8/10
An Original Ethnic Mobster.
12 October 2007
Warning: Spoilers
Compared to Mervyn LeRoy's "Little Caesar", "The Public Enemy" is a little more -- well, I don't want to use the word "sophisticated" because it's anything but that. It's more -- developmental. Yes, that's the word. Little Caesar's character begins and ends as an adult gangster. Tom Powers (Jimmy Cagney) is first introduced as a young boy, hanging around with his pal Matt Doyle (Edward Woods), being whupped for stealing by his policeman father. The stern old man uses a razor strap. Maybe today it looks like child abuse to some people but it was probably common enough at the time. My mother used to break Kochloevels over my back. In any case, such punishment did neither Tom Powers nor myself any good since we both turned out wicked.

Tom and Matt grow up into young men who are hoodlums in the employ of Puttynose, who teaches them the tricks of the trade, an Irish Fagin, but he breaks his promise and skips out on them when they need his help. Years later, an unforgiving Tom wreaks his revenge on the pathetic Puttynose. Then Tom and Matt are taken under the wing of Paddy Ryan, and finally Samuel "Nails" Nathan, both of whom treat our protagonists well. In fact, I rather liked Nails. He's cheerful, generous, and loyal. I mean, considering that he's a gangster, a thief, and a murderer. When Nails is thrown from his horse and killed, Tom and Matt sensibly shoot the horse. There's a sub-plot involving some dames the two guys pick up in a speakeasy. Matt marries his moll but Tom gets tired of his (Mae Clarke) and puts finito to their affair by shoving a grapefruit in her face. Mr. Nice Guy. Tom then meets Jean Harlow and she seems to fall for him, although his interest in her is rather more glandular than anything else. She doesn't make herself available in the sense that his other girl friends have and Tom is tearing his hair out, uttering hoarse, goaty cries: "A guy could go screwy from this." Her part is kind of small and Tom never does get it on with her. When a rival gang kills his friend Matt, Tom picks up two pistols, barges into the gang's hangout, and shoots it out with them, severely wounded in the process. He's visited in the hospital by his Ma, his moralistic brother, and his sister-in-law, and he asks them to forgive him. Doesn't do him any good. The rival gang kidnaps him from the hospital and delivers him to his home, full of new lead.

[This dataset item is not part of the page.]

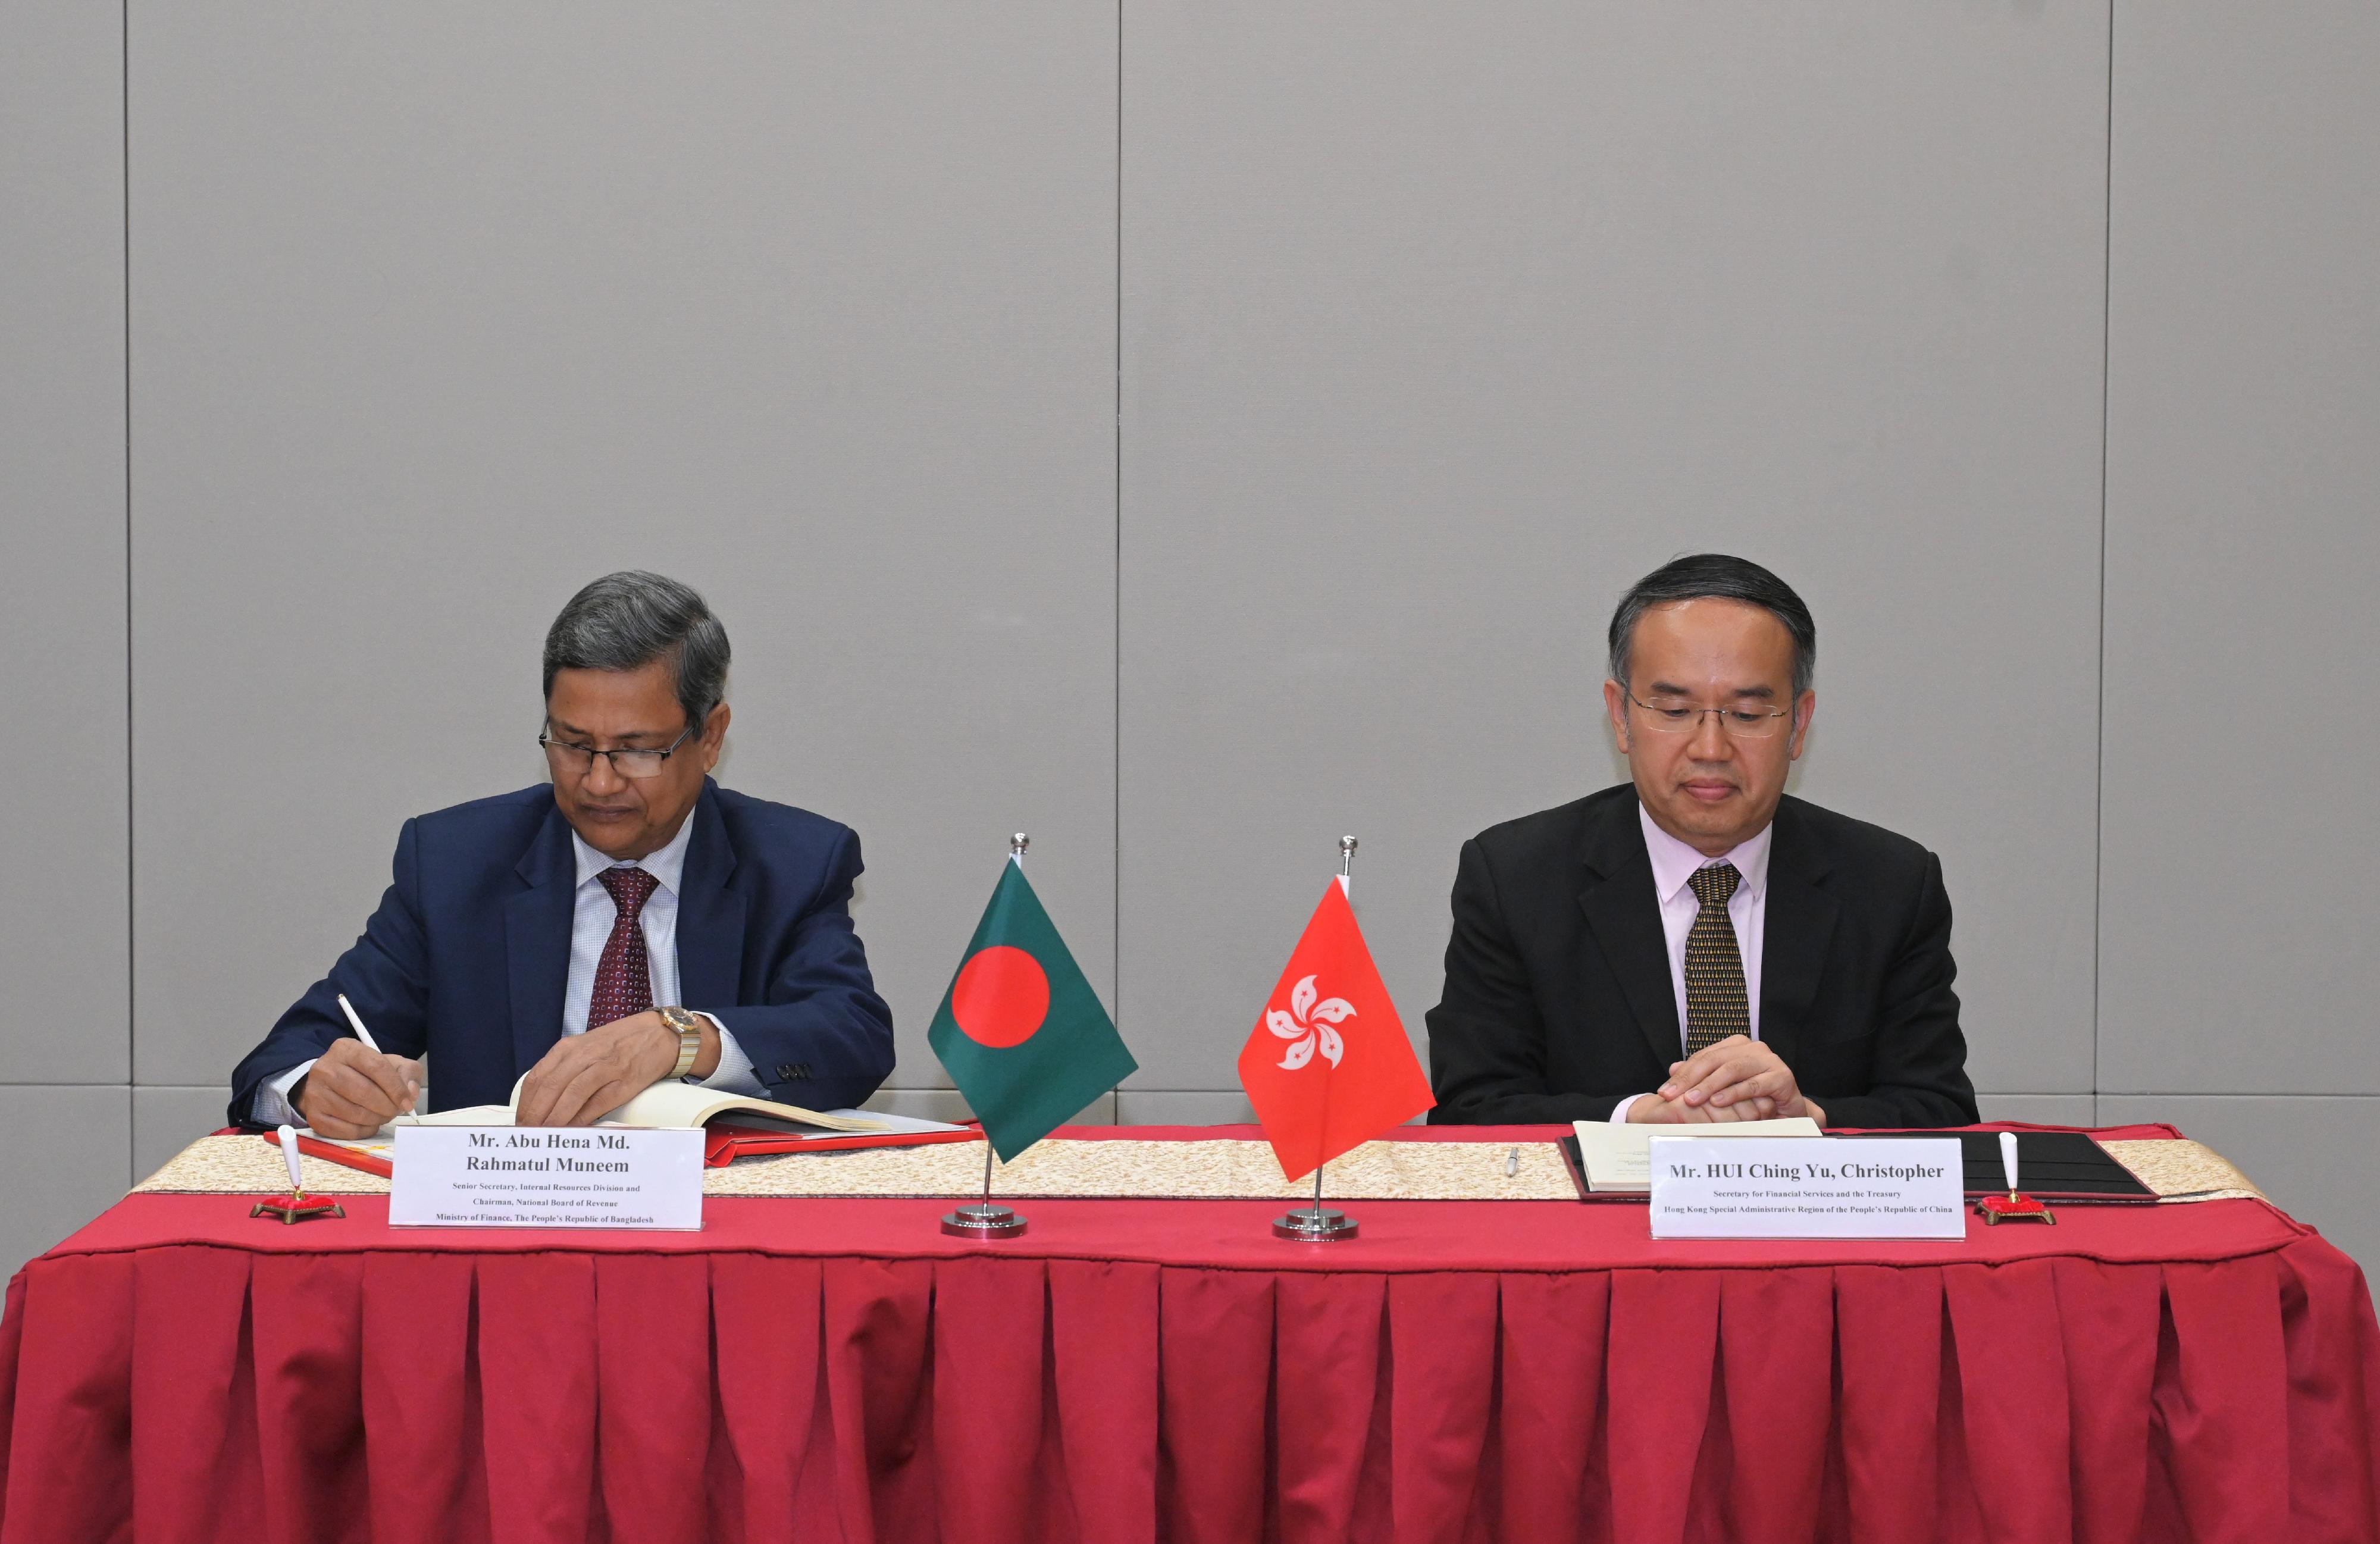 The Secretary for Financial Services and the Treasury, Mr Christopher Hui (right), and the Senior Secretary of the Internal Resources Division and Chairman of the National Board of Revenue of the Ministry of Finance of Bangladesh, Mr Abu Hena Md. Rahmatul Muneem (left), today (August 30) sign a comprehensive avoidance of double taxation agreement.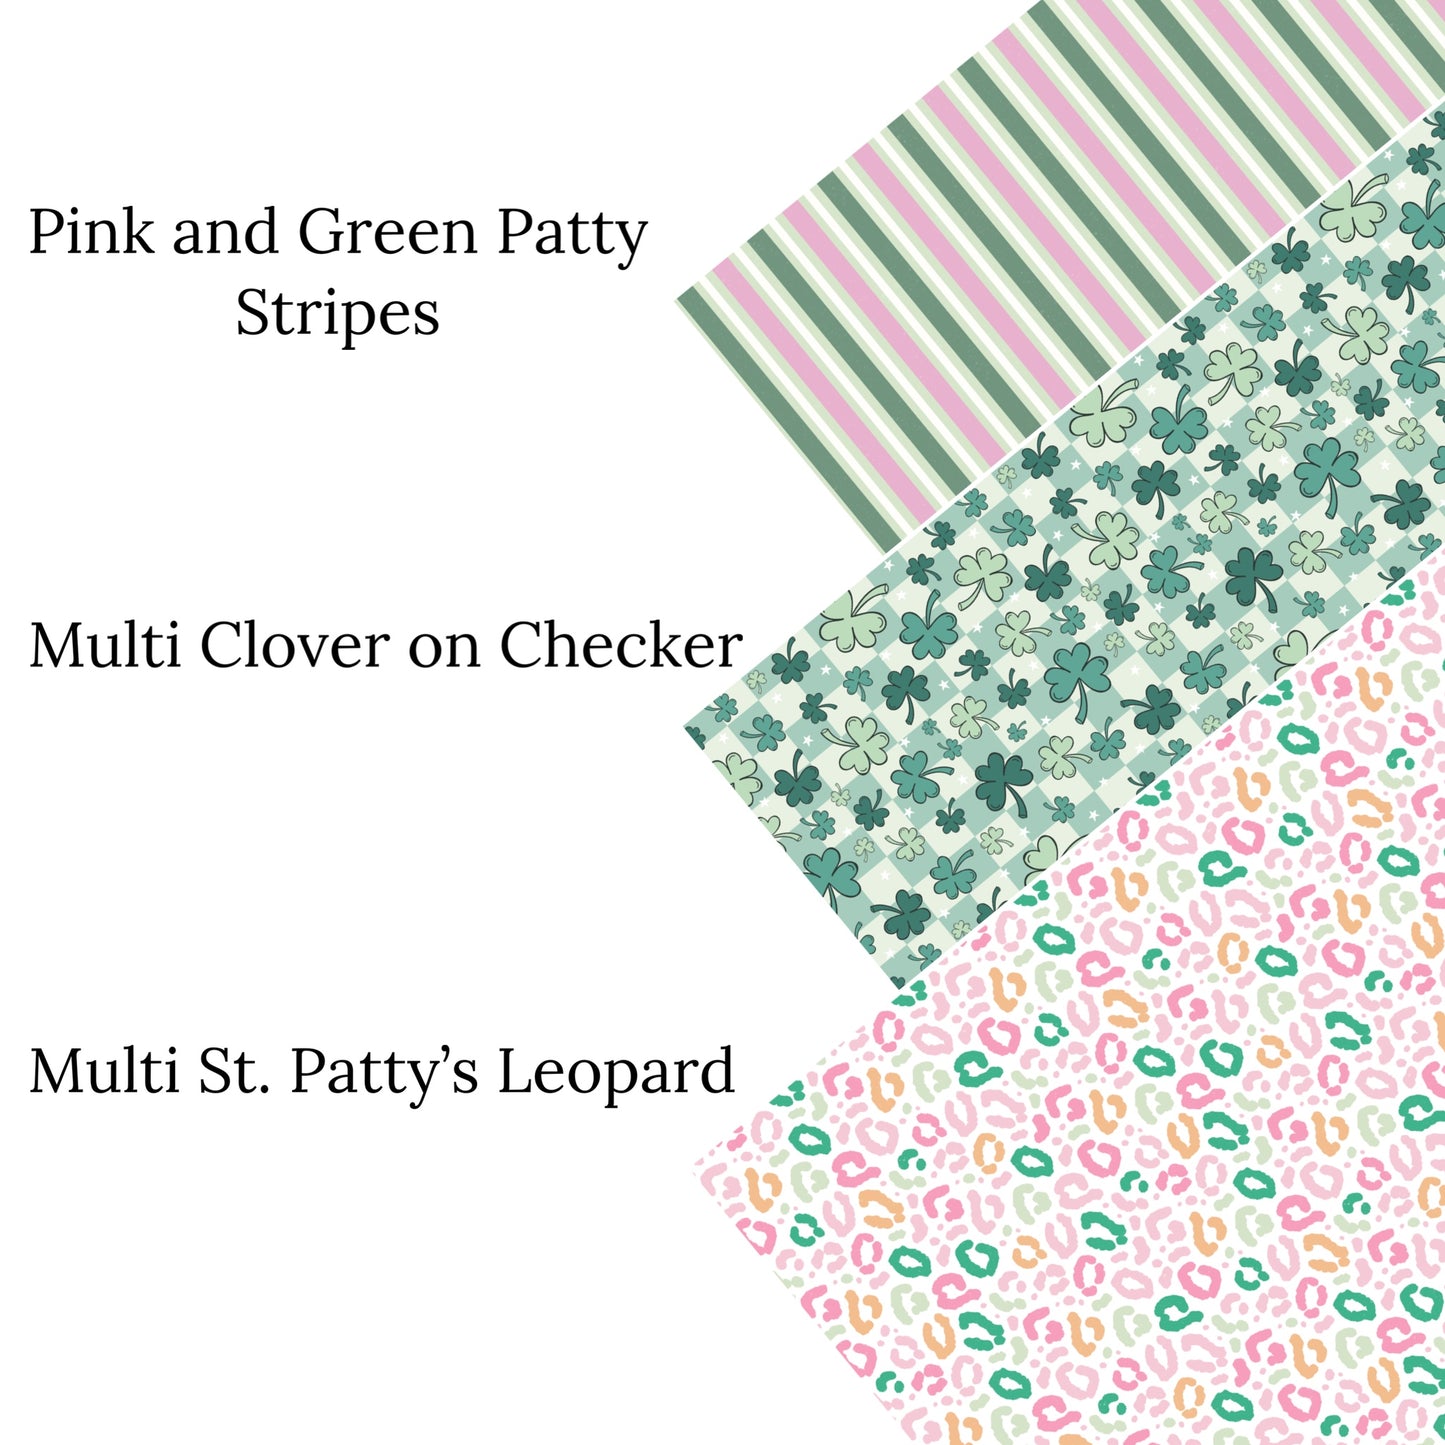 Multi Clover on Checker Faux Leather Sheets

Like "Little Caesar," this film gives us many scenes and characters that were to become icons. On their first big job, a friend of Tom's and Matt's, Loopy Louie, is shot by the cops and we see the wake in Louie's parlor, with a matronly immigrant mother moaning, "He was always a good boy." To a parking valet, Tom snaps, "Hey, watch it. Dat car's got gears. It ain't no Ford." As for the performances, Edward Wood was famously intended to play the lead before the roles were switched, with Cagney taking the role of Tom. It was a good decision. Matt is likable but a little wooden, whereas Cagney sizzles on screen. Jean Harlow's every line is laugh worthy. Like Cagney, she was from New York but her accent here stops just short of a parody of British. "I cahn't." And, "Me neyether." Also, she looks, well, BIG in this movie, maybe because she's paired with Cagney, but it's not just that she's as tall as he is but that she's zoftig too, a bit more broad of beam than has been noticeable in her other films.

The censors were beginning to impose their will on the film industry, so every shooting takes place off screen and there is virtually no blood. I guess the code was not yet firm enough in place to prevent the presentation of a tailor as a homosexual. When Cagney is being fitted for his first suit, he tugs at his waist and tells the guy to leave plenty of room in their. "Here's where you need extra room," says the tailor, squeezing Cagney's upper arm, "Just feel that muscle." Cagney minces away from the encounter. Not that there's any suggestion of homosexual bonds between Tom Powers and Matt Doyle. They're just friends who grew up together.

You must see this movie if you haven't already. It was one of three that set the genre firmly on its feet in the early 1930s, the others being "Little Caesar" and "Scarface." Look at it this way. Without these films, we might never have had "The Godfather."